I originally estimated all ingredients for a 2-gal batch, but the finished product came to just over 3-gal with the strainer bag of berries added.


Initial SG of the juice alone was 1.046. Target SG was 1.085. I dissolved 4 cups of sugar in 1/2 gal of boiling water and added to the must. I later added another 1-1/2 cups of sugar directly to bring the SG up to 1.083. I figure there's some sugar in those berries, so I'll probably end up at 1.085 or a bit higher. I plan to check again before I pitch the yeast and adjust if necessary.


My other fruit wines have turned out a bit thin, so I added less water than called for. If the SG rises much above 1.085 overnight, I plan to dilute a bit more.


I added all ingredients except the yeast and then tried to do an acid test. That's where things got screwy. The must was so dark, I wanted to use my PH meter rather than rely on the color change. But my PH meter gave me some really high readings when I first turned it on. So I decided to calibrate it. Only it wouldn't adjust. So I figured the batteries must be low. I went out and bought new batteries, cleaned the bulb with the cleaning solution, and tried it all again. But it still wouldn't adjust below 7, even when placed into the 4.01 solution. So I gave up on that approach.
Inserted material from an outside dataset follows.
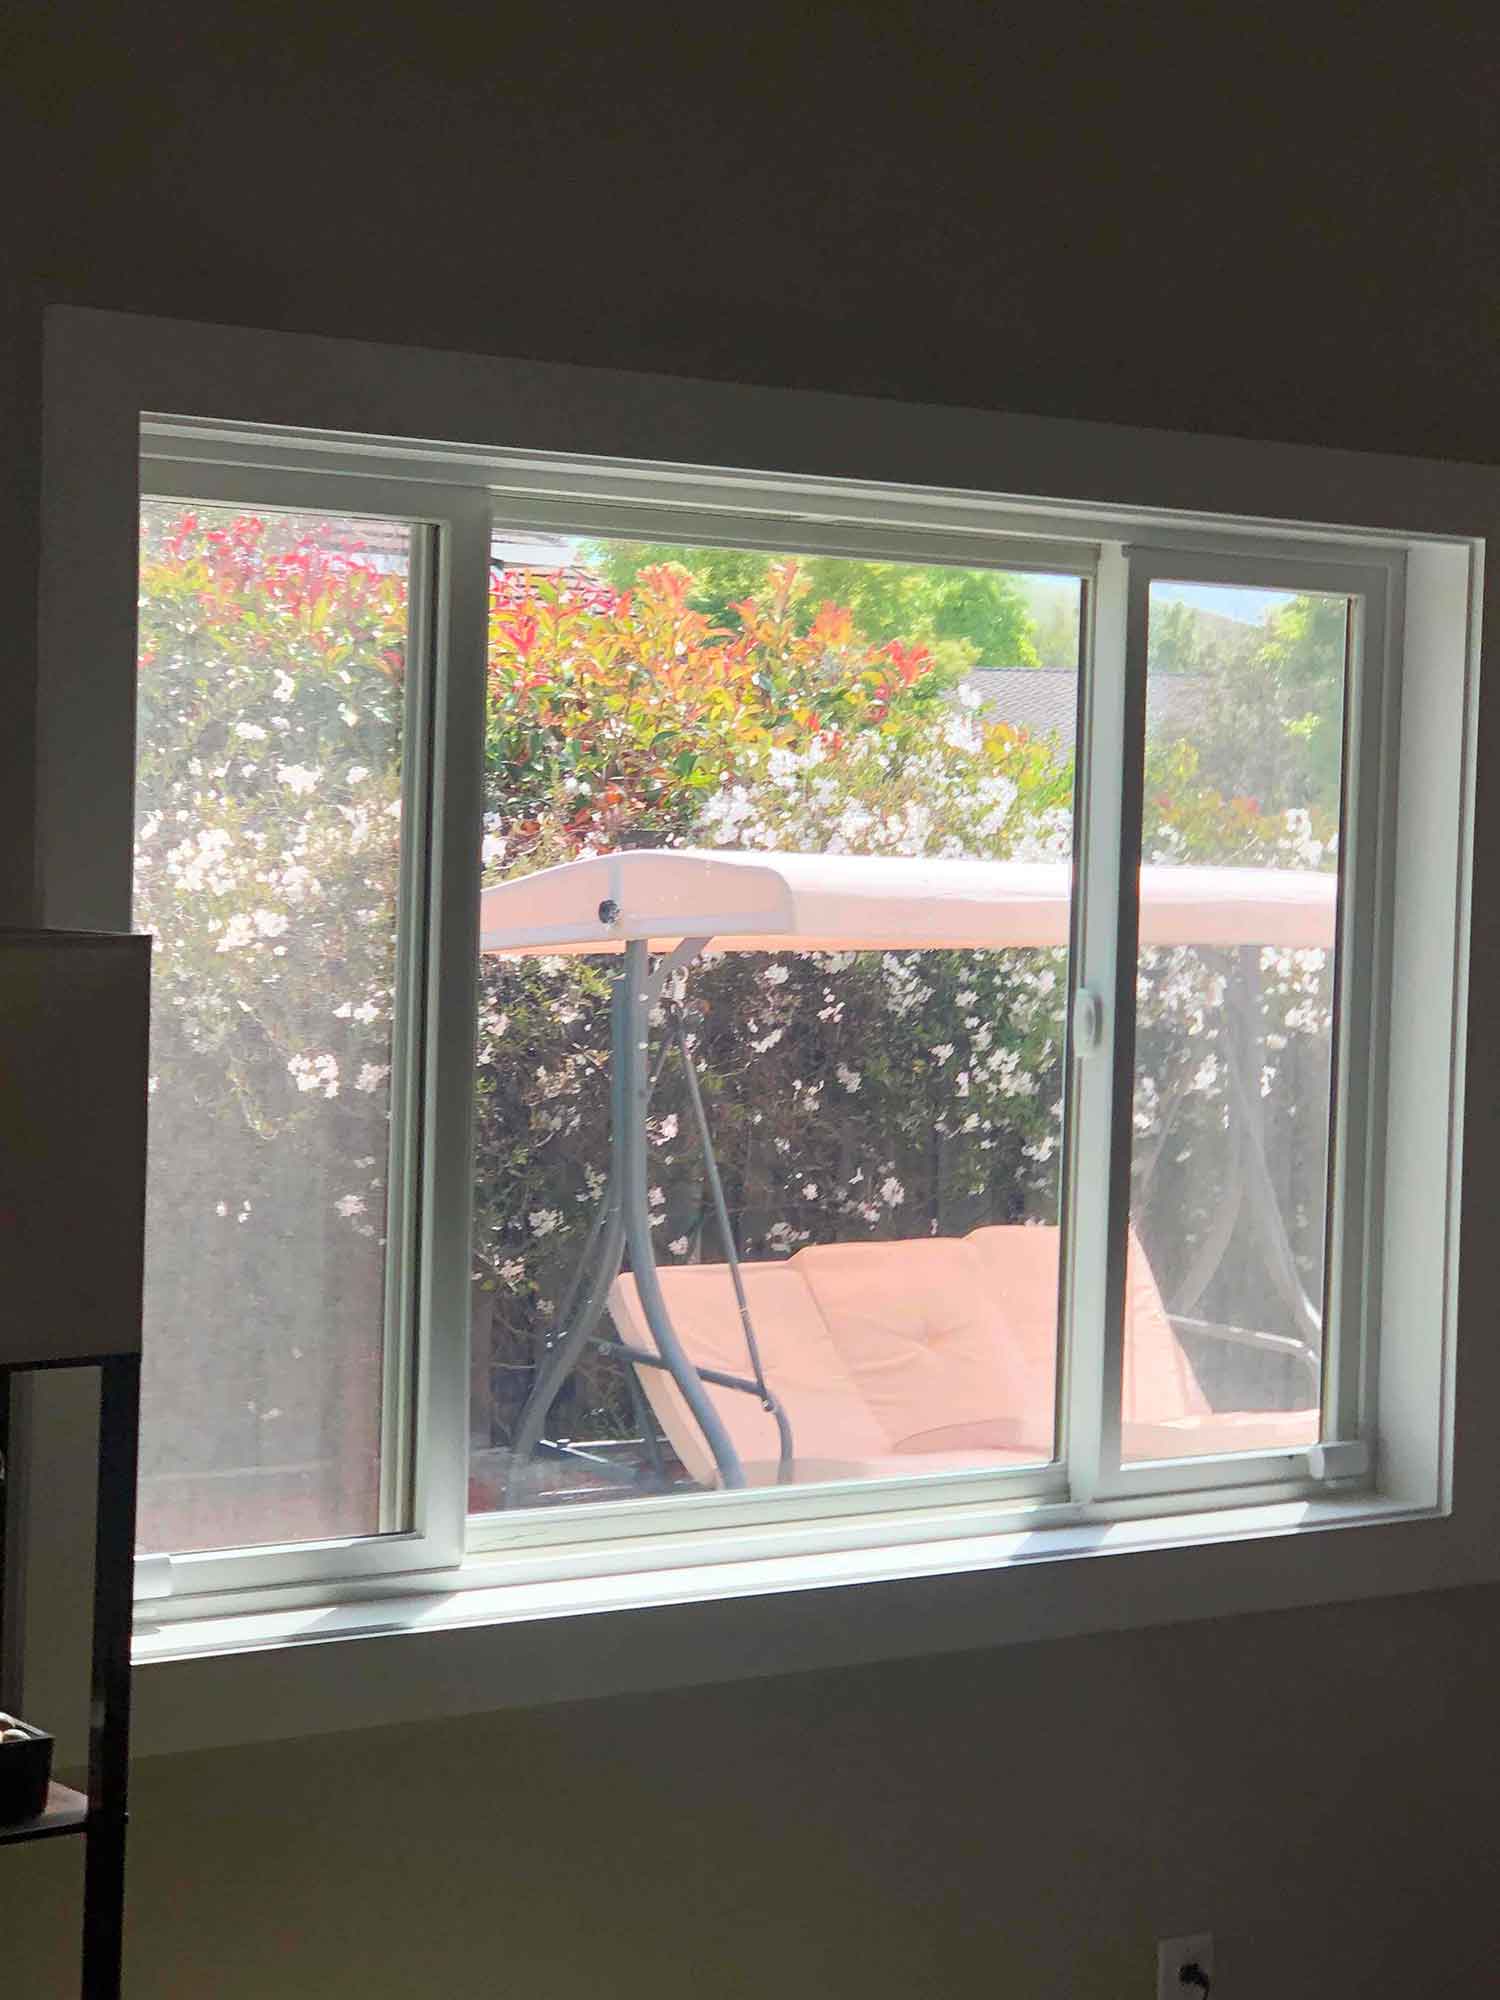 Are you looking for a home or residential window tinting installer in Danville, CA? ClimatePro offers home window tinting services for the East Bay and the surrounding areas.
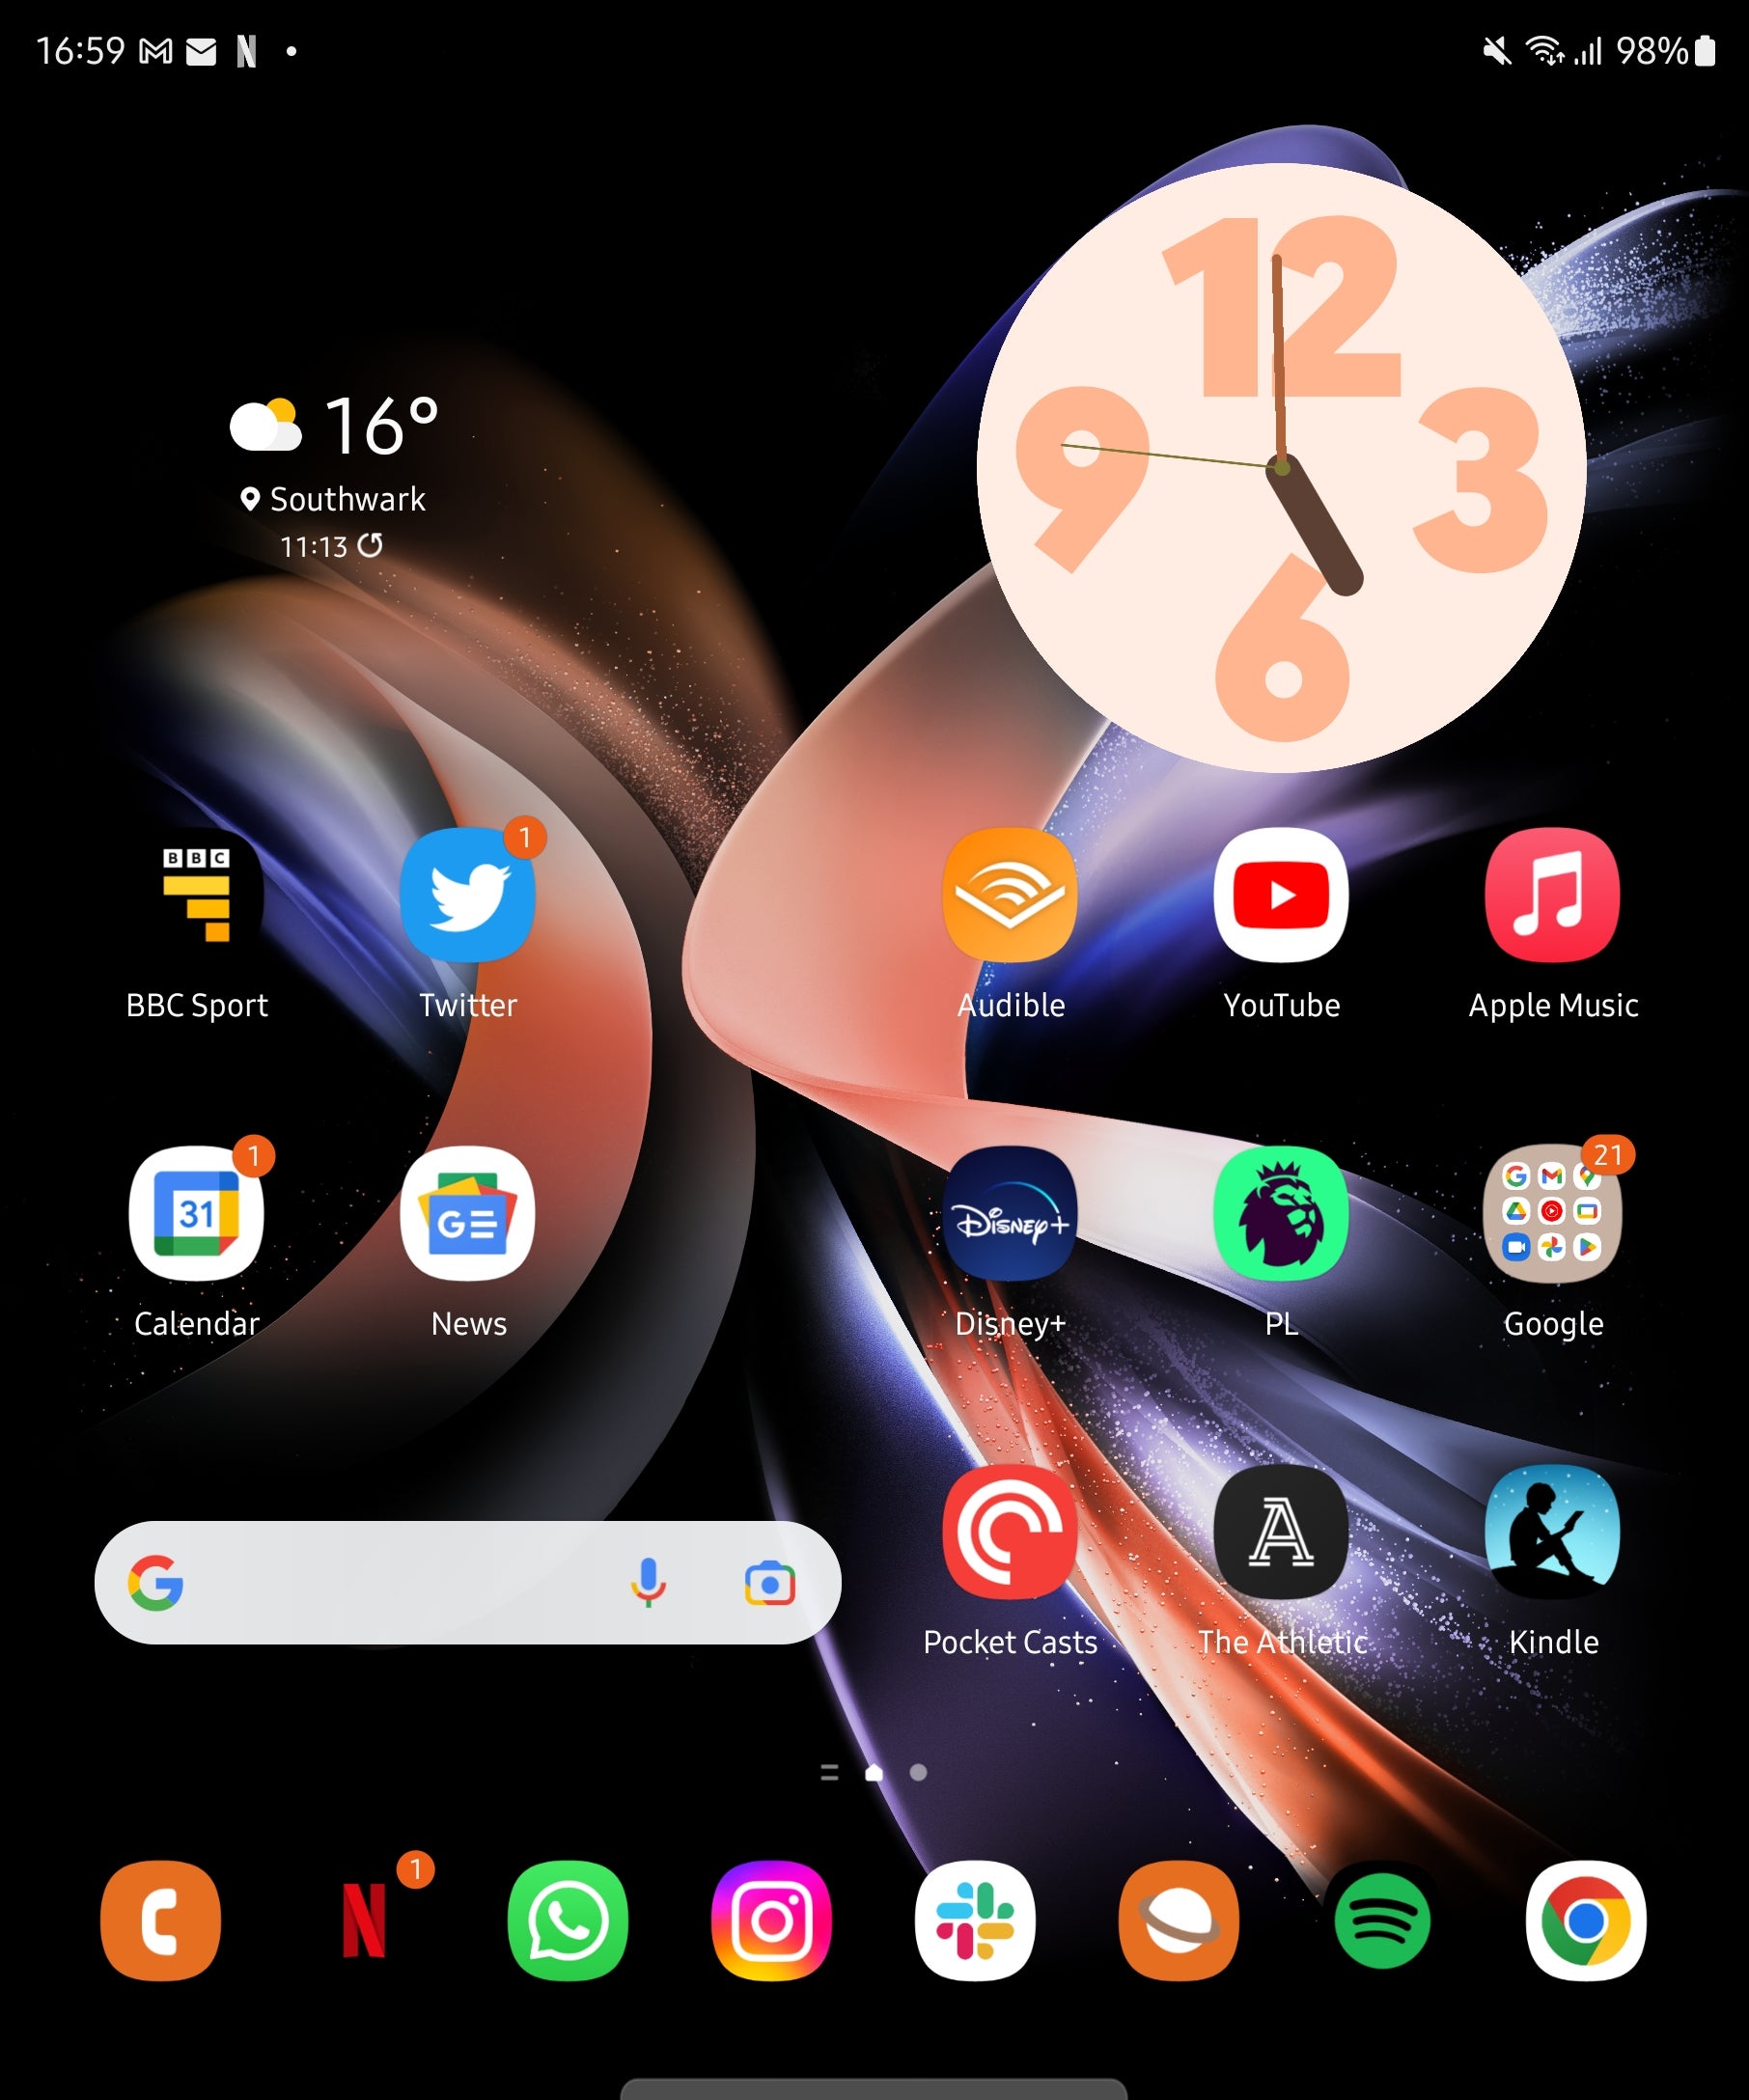 Go to the home screen

I decided to trythe test using the color change after all. I diluted the must with distilled wated until it was a good bit lighter. Then proceeded with the test. Best I could tell, the acid test came outbetween .5- .55 TA. Reading the directions, it appeared I needed to add 2 tsp of acid blend to bring the acid contentup by .1 in a 3-gal batch. My original addition of acid blend was only 2 tsp, so I was reluctant to add another 2.I opted for a 1 tsp addition, and I'll check it again after fermentation.


The must tastes wonderful! I plan to pitch the yeast in the morning.







*Edited by: K&GB *


----------



## jobe05 (Nov 1, 2008)

wade said:


> You have to look in health food stores most of the time.



Aaaahhh..........

Health Food stores...............

Thats why I'll never find it....


----------



## NorthernWinos (Nov 1, 2008)

There is a Heath Food Store near where I was getting Chemo, they also have a Beer Making section and a few Wine Making items....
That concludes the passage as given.